◆ Provided data ◆
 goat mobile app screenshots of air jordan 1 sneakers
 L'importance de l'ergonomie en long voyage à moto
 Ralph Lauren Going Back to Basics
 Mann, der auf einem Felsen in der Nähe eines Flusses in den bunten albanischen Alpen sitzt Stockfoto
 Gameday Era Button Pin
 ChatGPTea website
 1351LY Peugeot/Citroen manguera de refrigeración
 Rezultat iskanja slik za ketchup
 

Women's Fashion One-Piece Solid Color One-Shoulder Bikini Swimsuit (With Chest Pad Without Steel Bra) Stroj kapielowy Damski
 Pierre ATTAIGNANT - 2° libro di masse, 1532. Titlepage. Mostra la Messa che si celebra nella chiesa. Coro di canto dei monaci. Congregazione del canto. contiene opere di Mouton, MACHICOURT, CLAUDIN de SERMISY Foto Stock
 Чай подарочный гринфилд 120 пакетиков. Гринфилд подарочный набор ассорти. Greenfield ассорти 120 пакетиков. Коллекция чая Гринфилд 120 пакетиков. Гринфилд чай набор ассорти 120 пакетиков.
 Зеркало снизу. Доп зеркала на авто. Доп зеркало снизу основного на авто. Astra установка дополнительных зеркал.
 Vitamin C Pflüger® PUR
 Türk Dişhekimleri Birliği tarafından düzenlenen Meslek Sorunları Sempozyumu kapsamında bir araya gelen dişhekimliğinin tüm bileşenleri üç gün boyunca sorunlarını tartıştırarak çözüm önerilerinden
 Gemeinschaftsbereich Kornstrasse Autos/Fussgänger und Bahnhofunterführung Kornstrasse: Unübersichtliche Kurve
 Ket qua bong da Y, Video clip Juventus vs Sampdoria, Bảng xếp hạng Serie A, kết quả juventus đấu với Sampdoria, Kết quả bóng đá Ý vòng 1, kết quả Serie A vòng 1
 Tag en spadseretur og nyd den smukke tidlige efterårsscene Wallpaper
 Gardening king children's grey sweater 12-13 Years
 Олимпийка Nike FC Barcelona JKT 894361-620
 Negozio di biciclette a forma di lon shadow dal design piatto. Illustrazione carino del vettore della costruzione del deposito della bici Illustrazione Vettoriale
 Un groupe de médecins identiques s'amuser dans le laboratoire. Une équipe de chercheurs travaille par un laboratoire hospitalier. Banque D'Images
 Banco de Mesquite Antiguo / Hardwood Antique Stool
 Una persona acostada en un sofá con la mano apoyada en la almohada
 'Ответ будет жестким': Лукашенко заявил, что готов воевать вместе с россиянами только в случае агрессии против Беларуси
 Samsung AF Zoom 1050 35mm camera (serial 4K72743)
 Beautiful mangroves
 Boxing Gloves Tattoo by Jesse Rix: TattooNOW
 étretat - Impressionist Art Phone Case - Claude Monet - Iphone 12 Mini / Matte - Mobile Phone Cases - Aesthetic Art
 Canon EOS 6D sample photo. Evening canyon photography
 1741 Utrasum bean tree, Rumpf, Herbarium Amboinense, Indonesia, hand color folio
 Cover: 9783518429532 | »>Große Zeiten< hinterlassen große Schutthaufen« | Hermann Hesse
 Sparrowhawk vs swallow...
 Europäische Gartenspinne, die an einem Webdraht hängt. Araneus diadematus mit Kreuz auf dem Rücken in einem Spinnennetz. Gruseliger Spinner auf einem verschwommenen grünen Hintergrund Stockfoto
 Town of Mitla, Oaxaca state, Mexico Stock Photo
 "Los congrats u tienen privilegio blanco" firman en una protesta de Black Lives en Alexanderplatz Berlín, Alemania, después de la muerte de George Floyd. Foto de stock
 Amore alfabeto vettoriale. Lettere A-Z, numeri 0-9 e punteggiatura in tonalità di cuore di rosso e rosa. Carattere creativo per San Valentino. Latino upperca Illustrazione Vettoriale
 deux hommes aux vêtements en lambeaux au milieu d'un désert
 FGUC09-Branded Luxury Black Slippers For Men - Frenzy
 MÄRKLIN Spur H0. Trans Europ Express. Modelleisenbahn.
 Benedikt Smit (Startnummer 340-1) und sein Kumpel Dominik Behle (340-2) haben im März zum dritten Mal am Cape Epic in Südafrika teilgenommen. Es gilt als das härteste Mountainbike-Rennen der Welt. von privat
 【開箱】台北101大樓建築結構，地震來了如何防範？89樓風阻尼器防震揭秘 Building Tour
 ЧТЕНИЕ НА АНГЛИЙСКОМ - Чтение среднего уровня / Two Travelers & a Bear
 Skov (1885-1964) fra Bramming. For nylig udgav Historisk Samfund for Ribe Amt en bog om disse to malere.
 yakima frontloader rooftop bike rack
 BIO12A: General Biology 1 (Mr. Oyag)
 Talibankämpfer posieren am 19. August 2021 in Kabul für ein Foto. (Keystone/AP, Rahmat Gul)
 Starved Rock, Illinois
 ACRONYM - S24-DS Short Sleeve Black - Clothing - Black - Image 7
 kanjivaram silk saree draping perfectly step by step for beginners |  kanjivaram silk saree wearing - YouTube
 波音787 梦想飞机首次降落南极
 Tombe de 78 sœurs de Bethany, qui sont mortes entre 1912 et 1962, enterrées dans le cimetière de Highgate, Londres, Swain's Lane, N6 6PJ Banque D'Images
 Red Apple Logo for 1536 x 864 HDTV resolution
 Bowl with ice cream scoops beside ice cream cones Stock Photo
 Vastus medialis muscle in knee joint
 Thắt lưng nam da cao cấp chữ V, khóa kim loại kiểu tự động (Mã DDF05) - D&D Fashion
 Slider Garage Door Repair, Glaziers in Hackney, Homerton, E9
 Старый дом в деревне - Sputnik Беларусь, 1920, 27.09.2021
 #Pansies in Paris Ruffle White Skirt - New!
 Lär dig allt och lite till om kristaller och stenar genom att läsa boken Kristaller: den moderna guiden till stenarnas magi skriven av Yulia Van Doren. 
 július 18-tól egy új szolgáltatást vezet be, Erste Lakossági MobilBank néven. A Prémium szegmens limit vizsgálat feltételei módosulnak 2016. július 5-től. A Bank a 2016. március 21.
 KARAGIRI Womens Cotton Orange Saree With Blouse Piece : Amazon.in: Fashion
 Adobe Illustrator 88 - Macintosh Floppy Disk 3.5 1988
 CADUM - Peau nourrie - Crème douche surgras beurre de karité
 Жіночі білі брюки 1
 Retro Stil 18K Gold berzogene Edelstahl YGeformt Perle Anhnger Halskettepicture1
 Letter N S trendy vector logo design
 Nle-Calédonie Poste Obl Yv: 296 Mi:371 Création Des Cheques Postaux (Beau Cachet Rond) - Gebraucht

◆ Exercise details ◆
Write out exactly the lines above from the line with "Старый дом в" through the line with "Lär dig allt", both of them included, and leave out all other lines.

◆ Written solution ◆
 Старый дом в деревне - Sputnik Беларусь, 1920, 27.09.2021
 #Pansies in Paris Ruffle White Skirt - New!
 Lär dig allt och lite till om kristaller och stenar genom att läsa boken Kristaller: den moderna guiden till stenarnas magi skriven av Yulia Van Doren. 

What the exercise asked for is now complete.